Related: ‘No Way To Really Protect Yourself’: Veterans Describe The Horror Of The Las Vegas Shooting »

Bearing witness, saving lives

Other veterans survived the onslaught and witnessed — or committed — acts of bravery while the gunfire persisted.

Taylor Winston, 29, a Marine veteran of the Iraq war, stole a truck at the concert grounds to ferry as many as two dozen critically wounded bystanders to a local hospital in multiple trips. “We went back into the gunfire and started looking for priority victims, people with the most serious injuries, to get to the hospital,” he said in an interview with ABC 10 News. You can read his full story here.

Robert Ledbetter, 42, a former Army Ranger and scout sniper, shoved his wife under cover and set out to find the shooter. Instead, he found wounded fellow concertgoers, fashioning a tourniquet for one man who was legshot out of a bystander’s flannel shirt, he told the Los Angeles Times. As he and his family fled the scene, they picked up his brother, who was shot through the arm and chest, and ferried him to first responders. But Ledbetter denied his actions were heroic. “I’m a retired vet. There were five surrounding me that were combat medics doing the same thing I was doing,” he told the Times. “Army veterans helping other veterans, helping people out.”

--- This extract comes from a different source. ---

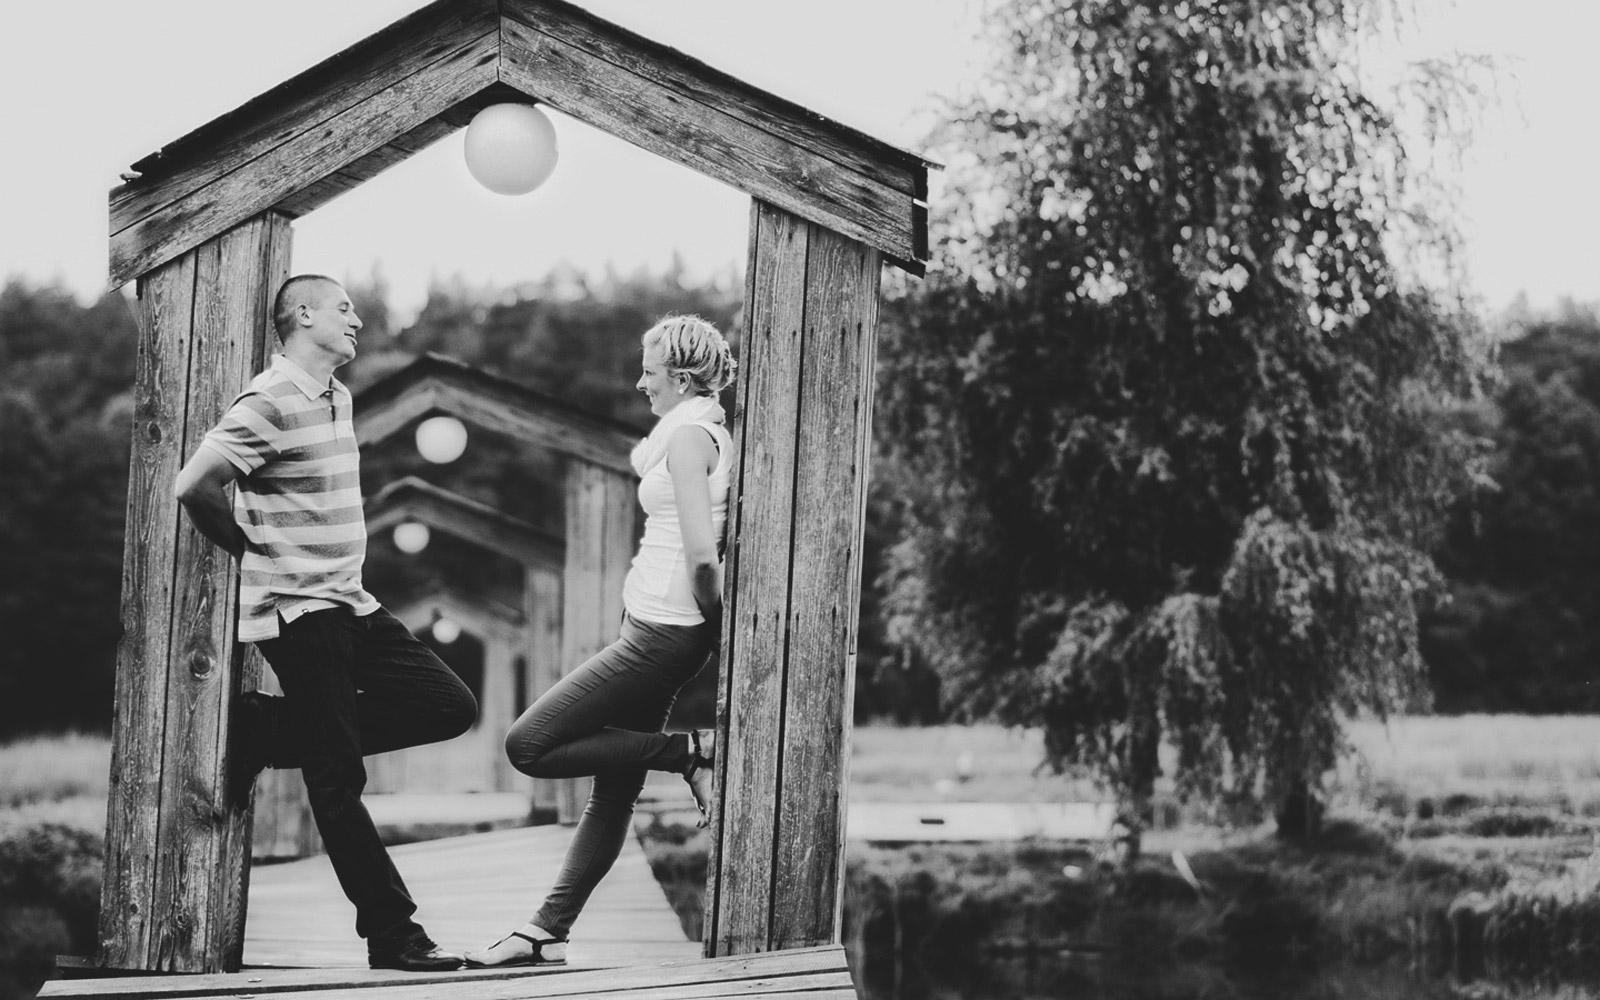 fotografia-slubna_paparazzo-pl_wd-07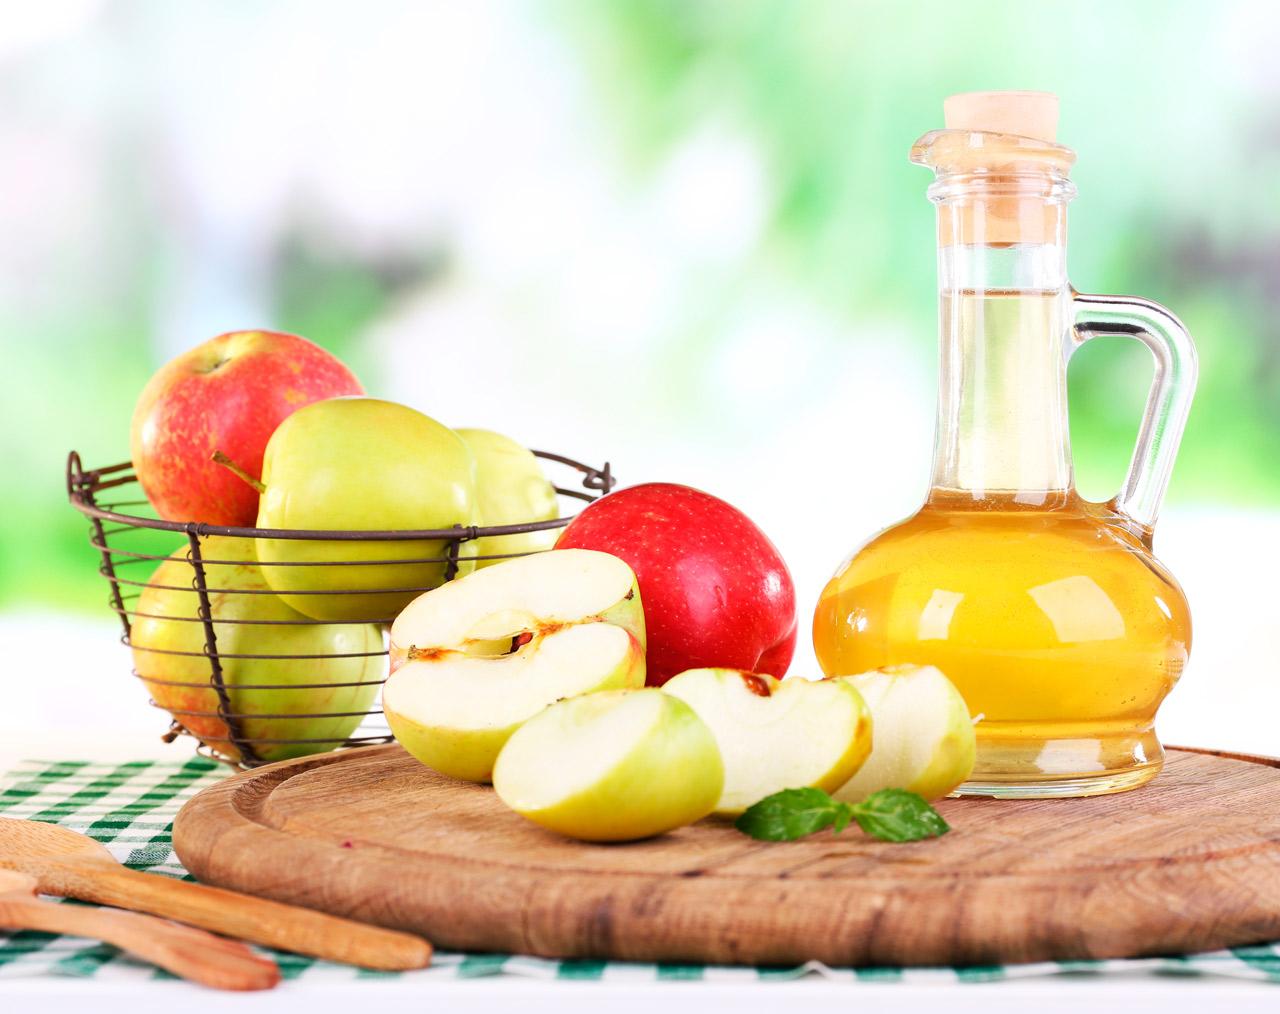 Remedio de ba o de sal y vinagre para la tendinitis - Banos de sal y vinagre ...

Colin Donahue, an Iraq veteran and Army reservist, spent much of the assault pulling people out of the line of fire, he told Fox News. “I just did what I was supposed to do and what I was trained to do, and I was trying to take care of people,” he said.

When an anchor asked if he’d ever seen a firefight like the one that unfolded in Las Vegas that night, Donahue replied, “No sir. We had a little, we had a little bit up towards Mosul, but nothing… nothing comparatively. That was the worst thing… words can’t describe what was going on at the time. And there was nothing I could do.”